In response to the news that the port of Boston would be closed under the Boston Port Act, an advertisement was posted at the Coffee-house on Wall-street in New York City, a noted place of resort for shipmasters and merchants, inviting merchants to meet on May 16, 1774 at the Fraunces Tavern "in order to consult on measures proper to be pursued on the present critical and important situation."[14] At that meeting, with Isaac Low as chair, they resolved to nominated a fifty-member committee of correspondence to be submitted to the public, and on May 17 they published a notice calling on the public to meet at the Coffee-house on May 19 at 1:00PM to approve the committee and appoint others as they may see fit.[15] At the meeting on May 19, Francis Lewis was also nominated and the entire Committee of Fifty-one was confirmed.[16]

Fraunces Tavern in Lower Manhattan, meeting place of the "Committee of Fifty" on May 16, 1774

On May 23, the committee met at the coffee-house and appointed Isaac Low as permanent chairman and John Alsop as deputy chairman.[17] The committee then formed a subcommittee which reported a letter in response to the letters from Boston, calling for a "Congress of Deputies from the Colonies" to be assembled (which became known as the First Continental Congress), which was approved by the committee.[18] On May 30, the Committee formed a subcommittee to write a letter to the supervisors of the counties of New York to exhort them to also form similar committees of correspondence, which letter was adopted on a meeting of the Committee on May 31.[19]

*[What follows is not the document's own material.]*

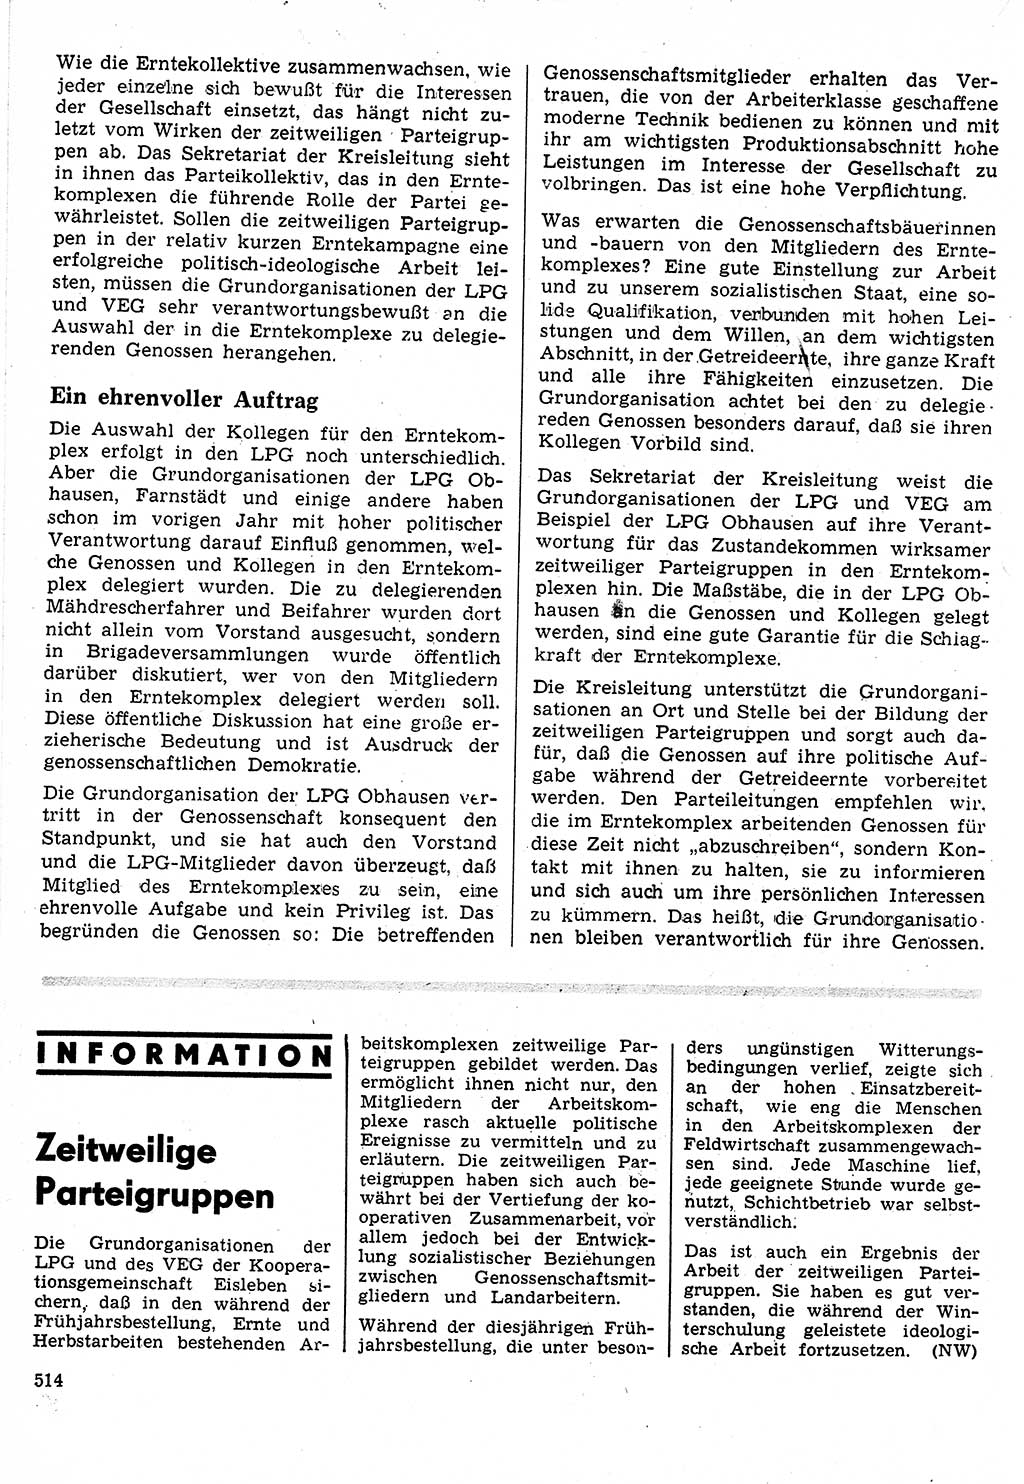 Neuer Weg (NW), Organ des Zentralkomitees (ZK) der SED (Sozialistische Einheitspartei Deutschlands) für Fragen des Parteilebens, 24. Jahrgang [Deutsche Demokratische Republik (DDR)] 1969, Seite 514 (NW ZK SED DDR 1969, S. 514)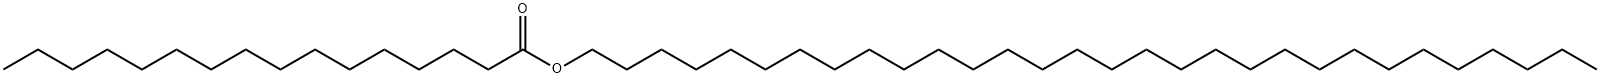 ヘキサデカン酸トリアコンチル 化学構造式

On July 4, 1774, a resolution was approved to appoint five delegates contingent upon their confirmation by the freeholders of the City and County of New York, and request that the other counties also send delegates.[20] Isaac Low, John Alsop, James Duane, Philip Livingston, and John Jay were then appointed, and the public of the City and County was invited to attend City Hall and concur in the appointments on July 7.[21] This caused friction with the more radical Sons of Liberty (Committee of Mechanics) faction, who held the Meeting in the Fields on July 6.[22] Three counties (Westchester, Duchess, and Albany) acquiesced to the five delegates, while three counties (Kings, Suffolk, and Orange) sent delegates of their own.[23]

Other colonies

By July 1773, Rhode Island, Connecticut, New Hampshire, and South Carolina had also formed committees.

With Pennsylvania's action in May 1774 all of the colonies that eventually rebelled had such committees.[24]

The colonial committees successfully organized common resistance to the Tea Act and even recruited physicians who wrote drinking tea would make Americans "weak, effeminate, and valetudinarian for life."

These permanent committees performed the important planning necessary for the First Continental Congress, which convened in September 1774. The Second Congress created its own committee of correspondence to communicate the American interpretation of events to foreign nations.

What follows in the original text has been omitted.